Combined effects of the QTLs on EL. The multiple-QTL models including one to seven loci (see Fig. 3 for locus details) and their P values are shown in the table. The number of loci and the percent of the total variance each model accounts for are plotted in the Bottom figure. The composite LOD score for each model is represented by the color scale.
We tested effects of sex and kinship, the former to define sex-influenced loci and the latter to detect residual, and potentially confounding, effects of genetic background. There was a noticeable difference in locomotor scores between male and female rats (SI Appendix, Fig. S7A). When both sex and kinship were used as covariates in a linear mixed model there were some minor changes of the signals at some loci, but the overall QTL results were unchanged (SI Appendix, Fig. S7B). Using sex as a covariate did not identify additional QTLs, and there was not a sex-specific origin of any of the seven genome-wide QTLs.
Genetic Association of APBA2 with Novelty Seeking and Drug Addiction in Human Samples.
The largest F2 QTL, at S126771200, implicates a genomic region centered on 126–127 Mb of chromosome 1. To narrow this region, we examined the exome sequences of bHR and bLR F0 rats, observing that no segregating SNVs are found beyond a 500-kb region around S126771200 (Fig. 6A and SI Appendix, Fig. S8). Therefore, it is likely that the functional locus revealed by QTL analysis resides within this 500-kb region. S126771200 itself is a potentially functional missense variant (D219N) of an intronless gene, Nsmce3. The human ortholog NSMCE3 is part of the SMC5–6 chromatin reorganizing complex involved in neural development (27, 28). However, several other genes in this interval contain single nucleotide variants segregating between HR and LR F0 rats (SI Appendix, Fig. S8). Apba2 [amyloid beta (A4)] precursor protein-binding, family A, member 2), is located between S126348556 (LOD score 7.40) and S126771200, the variant that generated the highest LOD score. Apba2 is of great interest for EL because it encodes a neuronal adaptor protein known to be a component of a multimeric complex mediating synaptic vesicle docking/fusion (29, 30).
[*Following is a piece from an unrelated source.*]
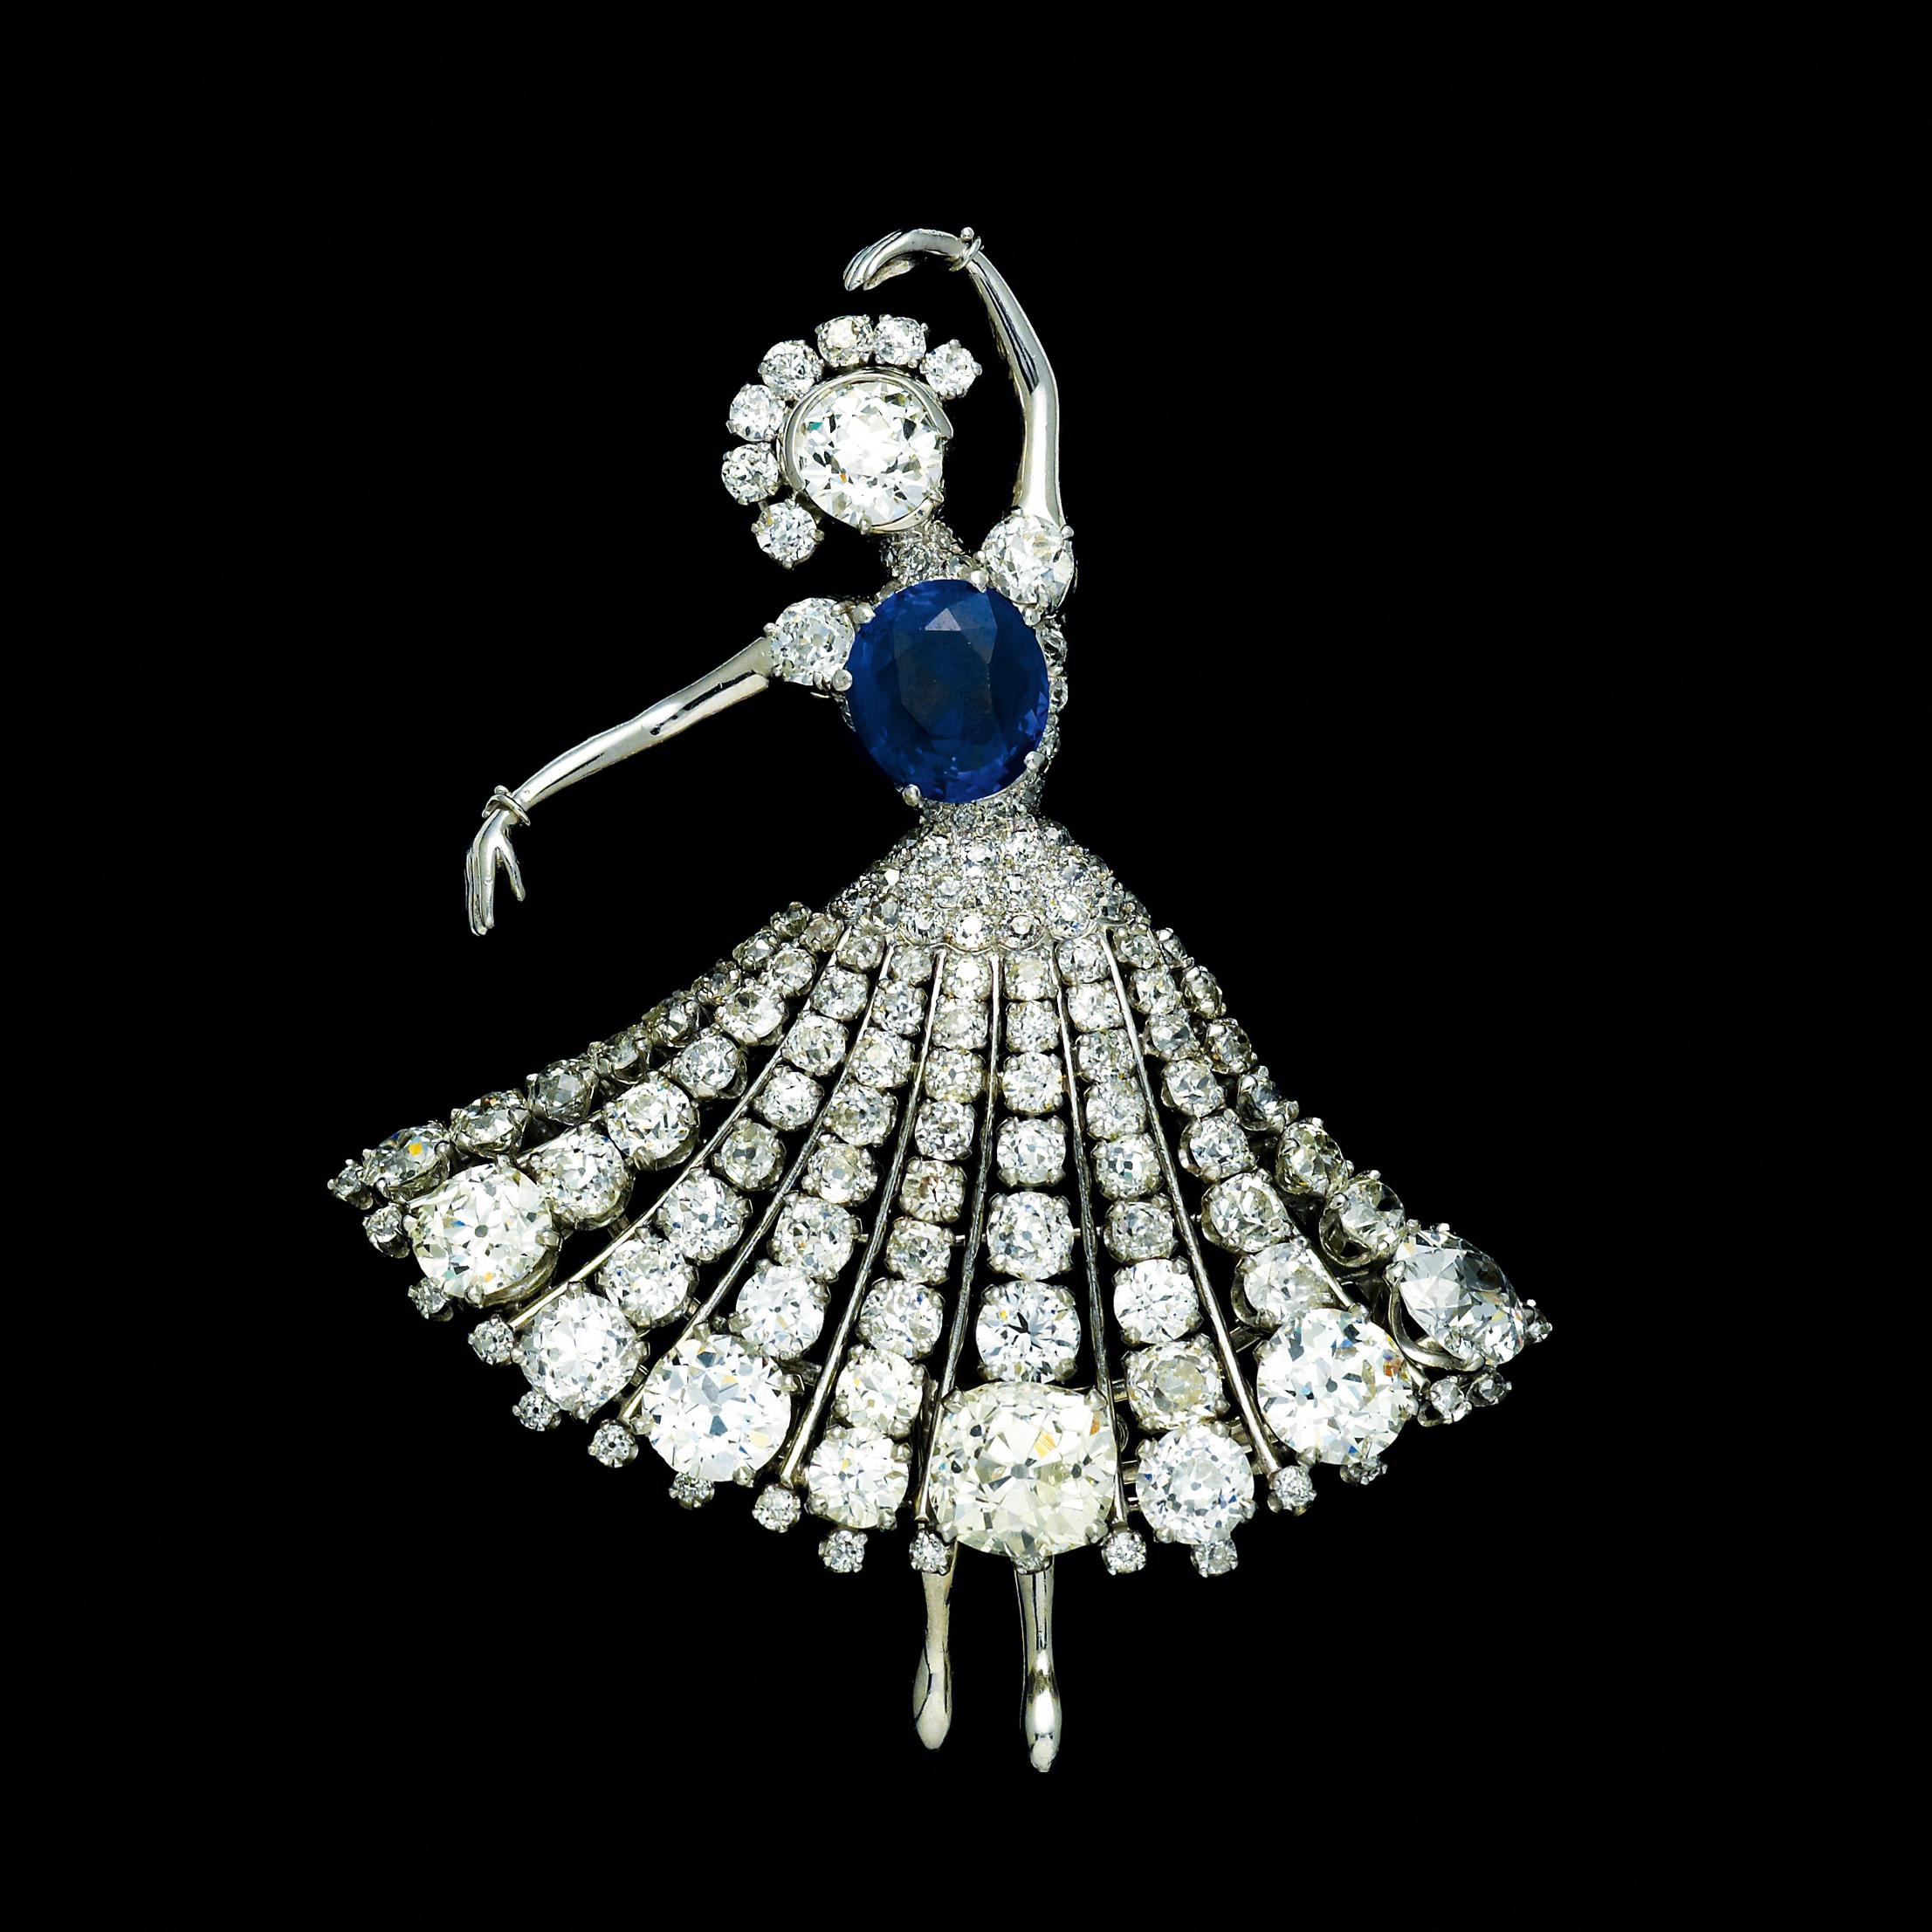 3daefd5fd6502 Van Cleef & Arpels jewellery | How To Spend It

More importantly, Abpa2 was shown to influence locomotor behavior in mice and knockout of Abpa2 results in impaired response to novel objects (31). Although we only identified one intronic segregating variant (located 24 bp upstream of the fourth exon) in Apba2, it is possible that a genetic variant(s) in introns of Apba2 or outside the gene coding region is responsible for the strong QTL signal.
Fig. 6.
Genetic association of APBA2 SNPs with TPQ novelty seeking, alcohol/drug dependence, and related diagnoses in the Finnish sample. (A) (Top) Variants segregating in F0 bHR and bLR rats in the 124- to 129-Mb region of chromosome 1. y axis shows Fisher’s exact test P values (−log10) of the variants. (Middle) Syntenic regions between rat and human within the 1-Mb location containing segregating variants are highlighted with red dashed lines. (Bottom) Association (−log10 P) of the tag SNPs with psychiatric diagnoses (Upper) and TPQ novelty seeking subscales (Lower) across the human genomic region syntenic to the rat. (B) (Top) Genotype frequency comparisons of rs12439432 between controls and cases with the related diagnosis. (Bottom) Genotype-based association of rs8030727 with novelty seeking subscales for controls, cases, and both.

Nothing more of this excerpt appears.